GR 164686; (October, 2014) (Digest)
G.R. No. 164686. October 22, 2014.
FOREST HILLS GOLF AND COUNTRY CLUB, INC., Petitioner, vs. GARDPRO, INC., Respondent.
FACTS
Petitioner Forest Hills Golf and Country Club, Inc. (Forest Hills or Club) is a non-profit stock corporation. In 1996, respondent Gardpro, Inc. (Gardpro) bought Class “C” common shares, which entitled the registered corporate owner to designate two nominees for membership. Gardpro designated Fernando R. Martin and Rolando N. Reyes as nominees. They applied for membership and were charged and paid membership fees of ₱50,000.00 each (a discounted rate from ₱75,000.00) upon assurance from the Club’s General Manager that the fees were temporary. Their applications were approved by the Board of Directors. Later, Gardpro decided to change its designated nominees. Forest Hills demanded new membership fees of ₱75,000.00 per replacement nominee. Gardpro refused to pay, and the replacement did not proceed. Gardpro filed a complaint in the Securities and Exchange Commission (SEC) seeking, among others, a refund of the membership fees paid for its original nominees, arguing that the corporation itself is the member and should not pay new membership fees for nominee changes.
The SEC Hearing Officer ruled in favor of Gardpro, restraining Forest Hills from collecting membership fees for replacement nominees and ordering that the fees already paid be applied for the replacements. The SEC En Banc affirmed but deleted the award of attorney’s fees.
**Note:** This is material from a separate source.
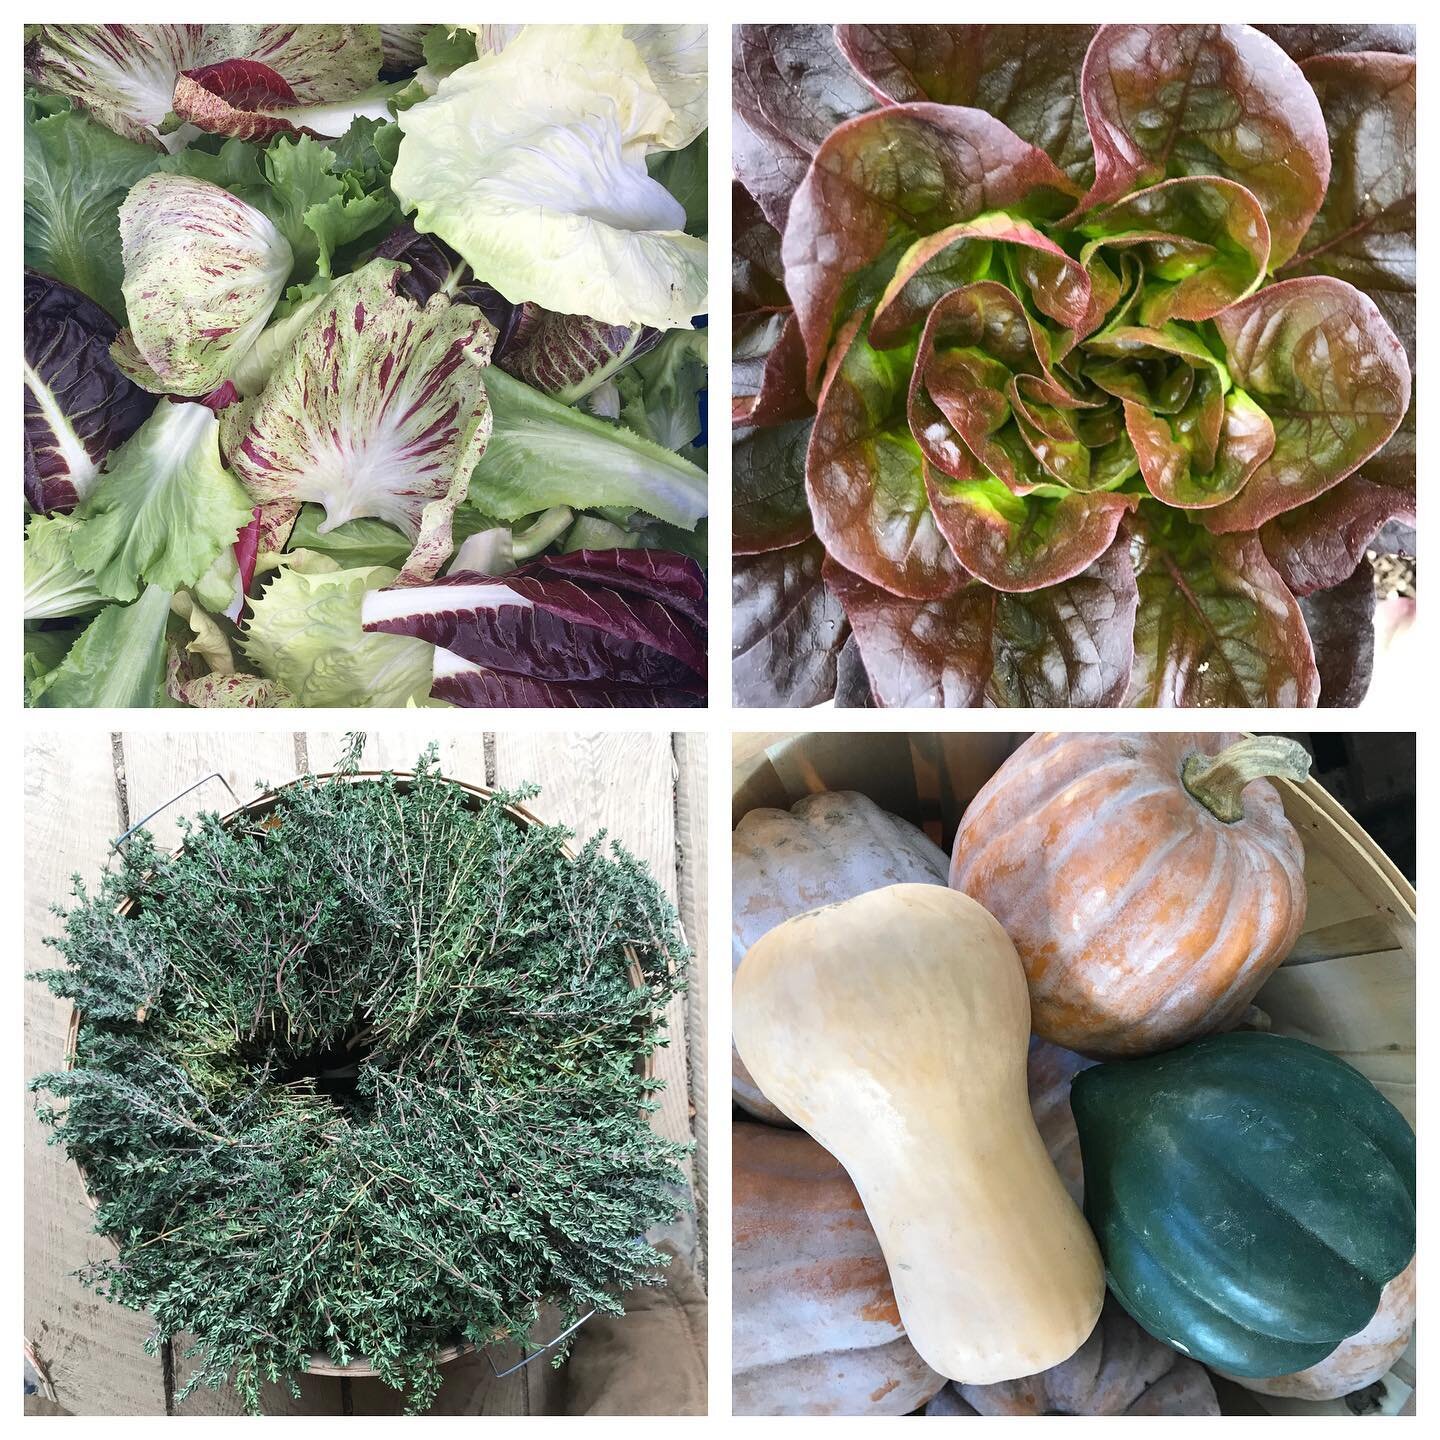 Online ordering open until Thursday noon for Saturday 11/21 curbside pick up at the farm- link in bio. @strawsfarm and @hootenannybread too l#thanksgiving #morningdewfarmmaine #mofgacertifiedorganic #localfood #newcastlemaine

The Court of Appeals (CA) affirmed the SEC’s ruling. Forest Hills appealed to the Supreme Court.
ISSUE
Whether, under Forest Hills’ By-Laws, the Club is authorized to collect new membership fees from a corporate shareholder every time it changes its designated nominees.
RULING
No. The Supreme Court affirmed the CA decision. The Court held that the literal meaning of the By-Laws provisions controls. The corporation (Gardpro) is the real club member, not its nominees. Article II, Section 2.2.2 of the By-Laws explicitly states that a juridical entity owning a Class “C” share may designate two nominees who, upon Board approval, may be admitted as Regular Members, and that “[a] transfer fee in such amount as may be prescribed by the Board of Directors, shall be charged for every change in the designated nominee of juridical entity.” This provision authorizes only a “transfer fee” for a change in nominee, not a new “membership fee.”
The payment of a membership fee is governed separately by Article III, Section 13.7, which requires it to be paid within 30 days from the approval of an application to register the share in the Club’s books. Since Gardpro, the corporate member, had already paid the membership fee upon the approval of its original nominees’ applications, it should not be required to pay it again for replacement nominees. To require a new membership fee for every nominee change would constitute unjust enrichment at Gardpro’s expense. The applicable charge for changing nominees is only the “transfer fee” prescribed under Section 2.2.2, which is distinct from the “transfer fee” for transferring the stock itself under another By-Laws provision.